In this article, Mark Petrie, CEO of Kumulos, examines why APIs have outages, what the cost of such outages can be and therefore the importance for you, as a mobile app developer, to monitor all of the API Endpoints your app depends on to function, in order to reduce the cost of an API outage on your mobile app.
myAWS.availability() != myAPI.availability()
The reliability and availability (uptime) of cloud computing providers such as Amazon Web Services or Microsoft Azure has improved massively over the last few years. However, most modern websites, services and APIs that we choose to host on them, are built on a complex chain of dependencies. Every now and again, a link in that chain will break. As soon as that happens, any mobile apps that depend on these APIs to function are going to incur costs. The cost of wasted marketing spend on user acquisition campaigns, the cost of lost subscription revenue opportunities and the cost of putting right the reputational damage from all those one-star “Crashes when it opens” reviews in the app stores. Therefore, while you may not have control over all of the services and APIs that your mobile app depends on, it is essential that you, as a mobile app developer, monitor their availability, so you can pro-actively take action to mitigate the impact of an outage on your mobile app rather than walking ignorant into the bad news on Monday morning.
Why do APIs have outages?
The concept of code reusability in software development is nothing new. However, where this used to be constrained to the confines of a module, product or at best company, the open-source movement and availability of package managers such as NPM now means that almost all new software reuses code written and maintained by others. This is not a bad thing, it is very the reason developers can deliver rich user experiences in relatively short periods of time. However, it does mean that the quality of your website, service or API is now, to some extent, depends on the quality of the code that you include. Assuming the person who wrote that code has adopted the same approach as you, then you are also now depend on the quality of the code that they include… and so on.
Of course, this is where software testing comes in – to verify quality before release. But what you may not realise, is that this must be repeated for every release. Why? Because all of the code that you included changes… regularly!
By making it easy to update the code being shared, they also make it easy to update the code you are including. Again, this is not a bad thing, especially when it comes to patching security vulnerabilities. However, installing unattended updates every night or week carries with it the risk that something, somewhere high up in the complicated chain of dependencies breaks… and along with it… everything downstream, including your website, service or API!
This was perfectly illustrated in the infamous “left-pad incident” of 2016 when a developer unpublished 11 lines of code from NPM and “broke half the Internet”. These 11 lines of code were contained in a module called left-pad that had been downloaded 2.5 million times in one month alone. The removal of left-pad first caused problems with other very popular open source packages such as React, Node and Babel and then resulted in problems for the numerous websites, services and APIs built upon these technologies.

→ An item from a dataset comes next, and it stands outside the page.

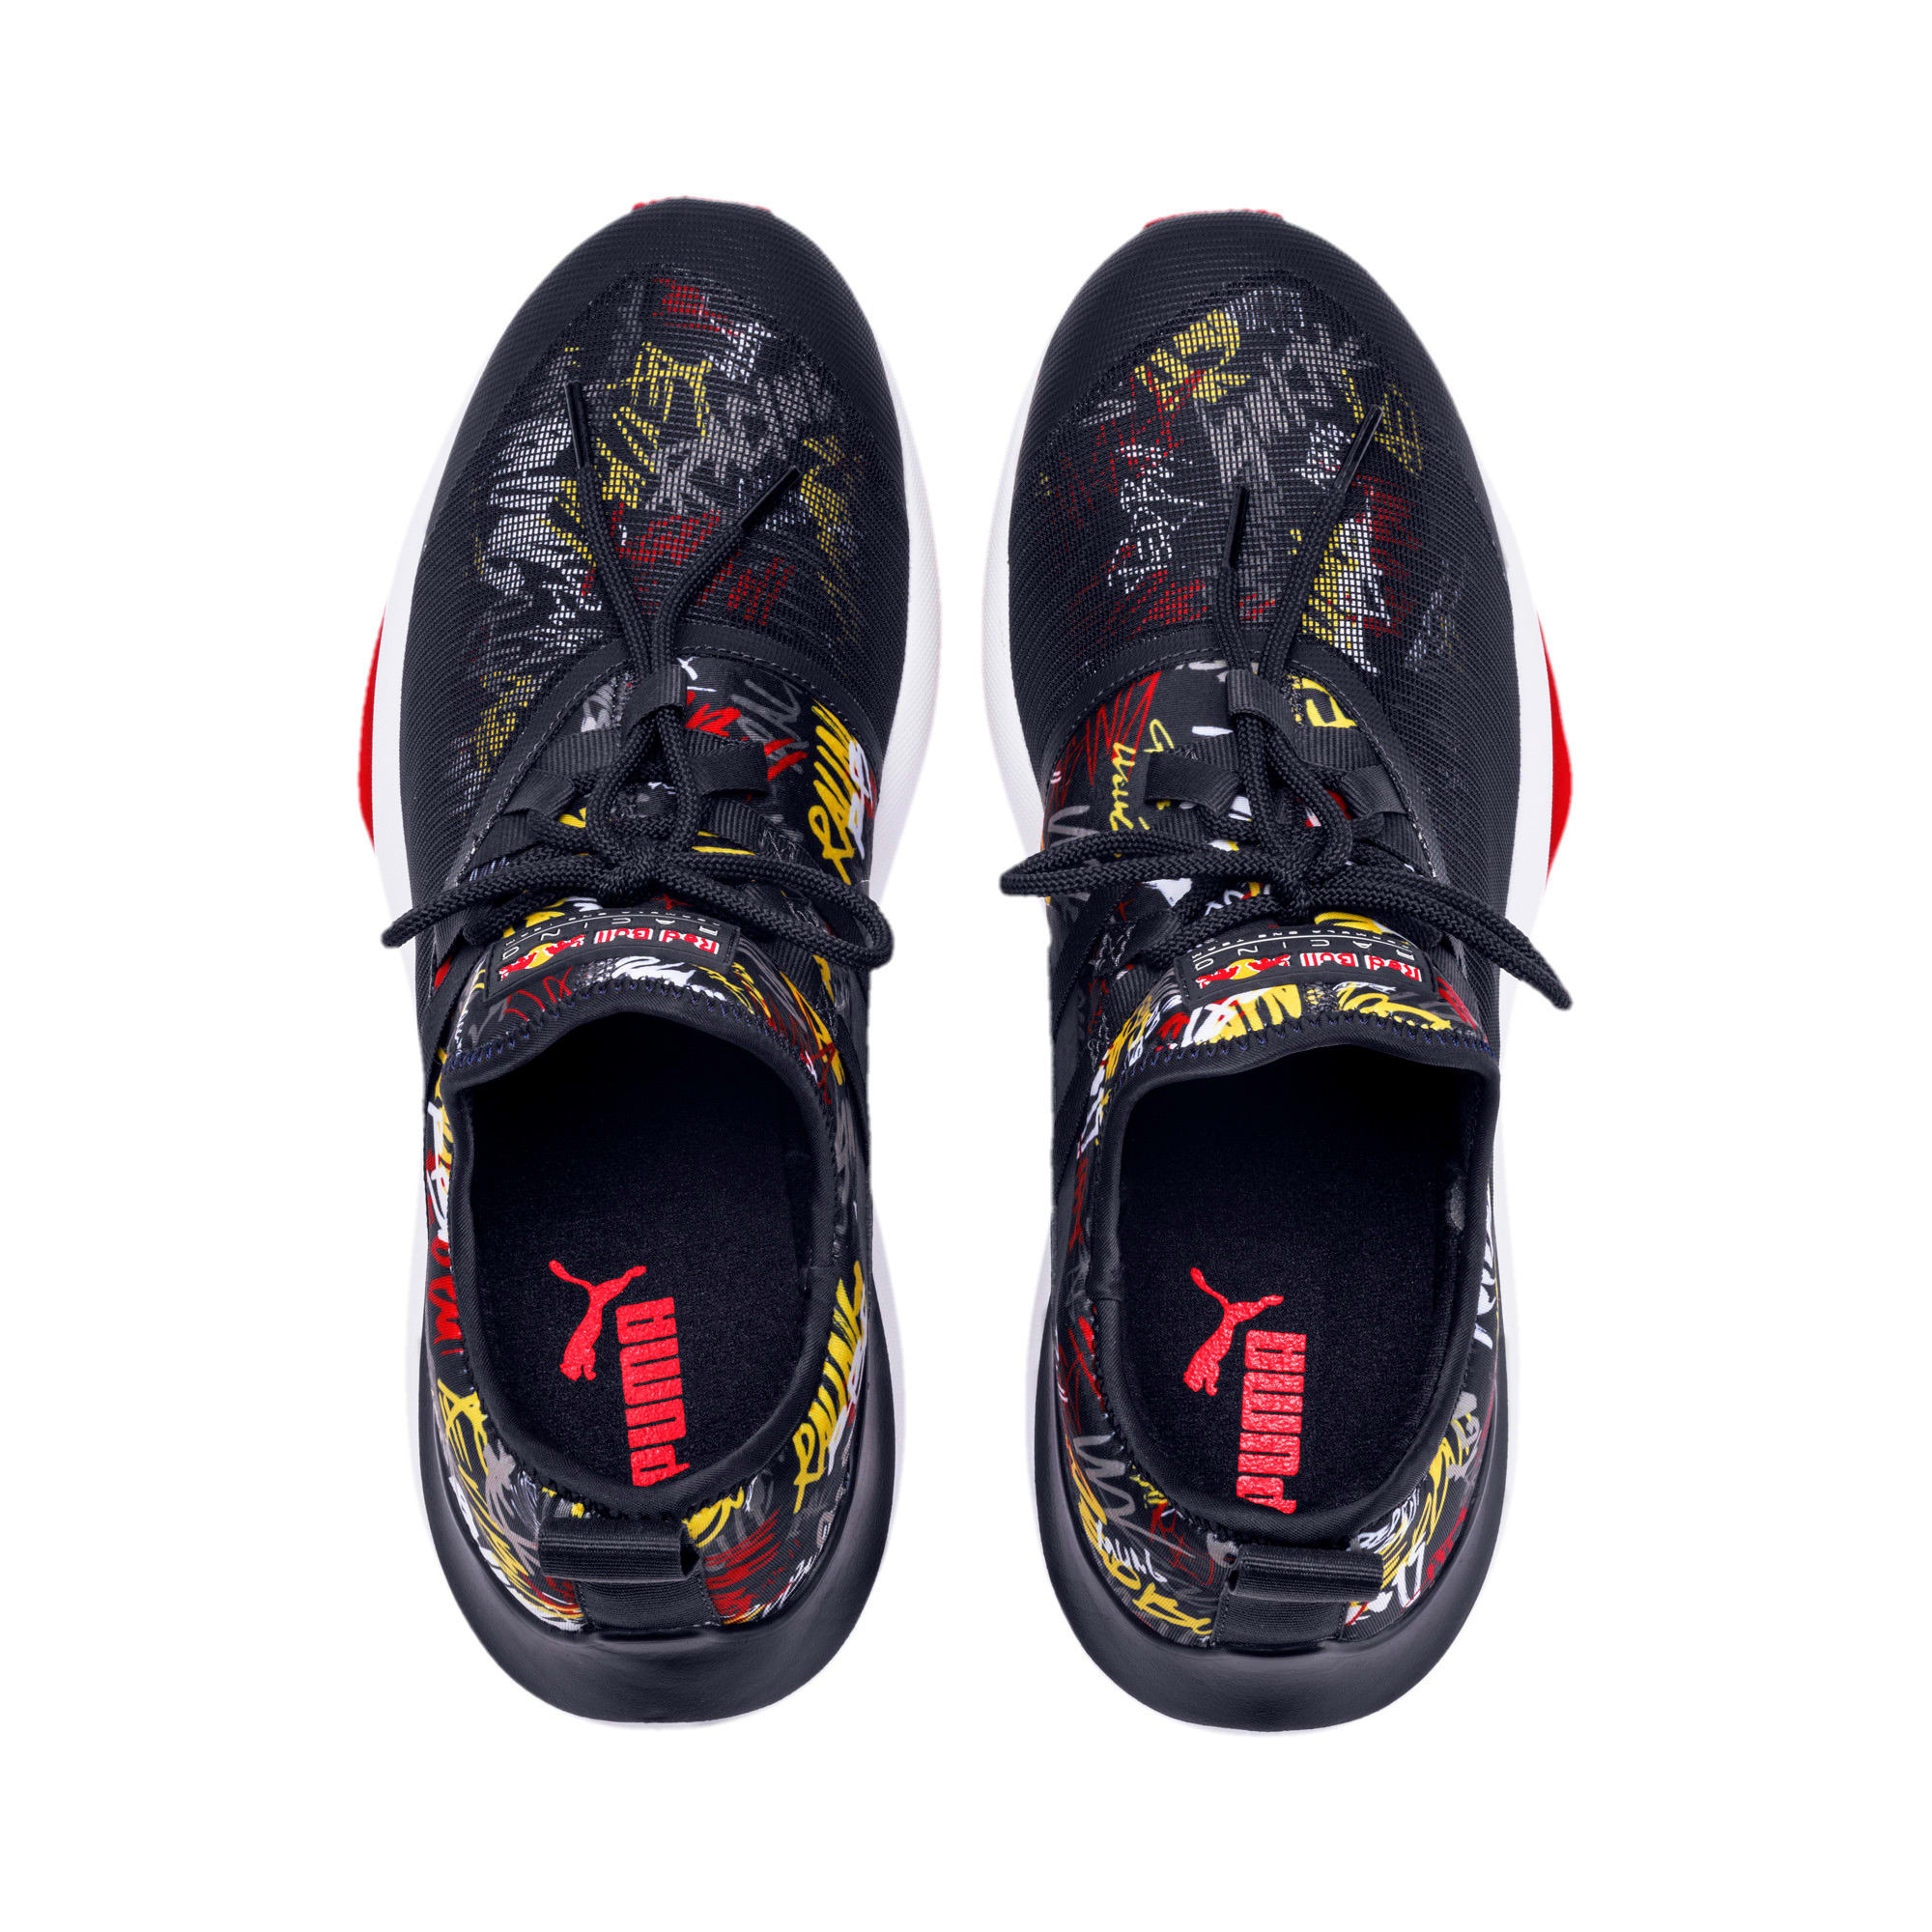 Thumbnail 7 of Red Bull Racing Evo Cat II Graphic Men's Training Shoes, NIGHT SKY-White-Chinese Red, medium

Most of those impacted had never even heard of left-pad let alone knew that their software was in some way dependent upon the availability of those 11 lines of code!
So this is why APIs have outages! Not even to mention all of the other regular problems that can happen – hard disks crash, people forget to update SSL Certificates (this old chestnut alone was responsible for all Occulus Rift VR Headsets shutting down and mobile operators O2 and Softbank losing 4G data services) and every once in a while… even trusted cloud computing providers themselves can have problems – in March 2018, AWS Eastern Region suffered a power outage taking down Atlassian JIRA, Slack and SMS provider Twilio!
All in all, it is inevitable that at some point, one of the APIs your mobile app depends on to function will have an outage.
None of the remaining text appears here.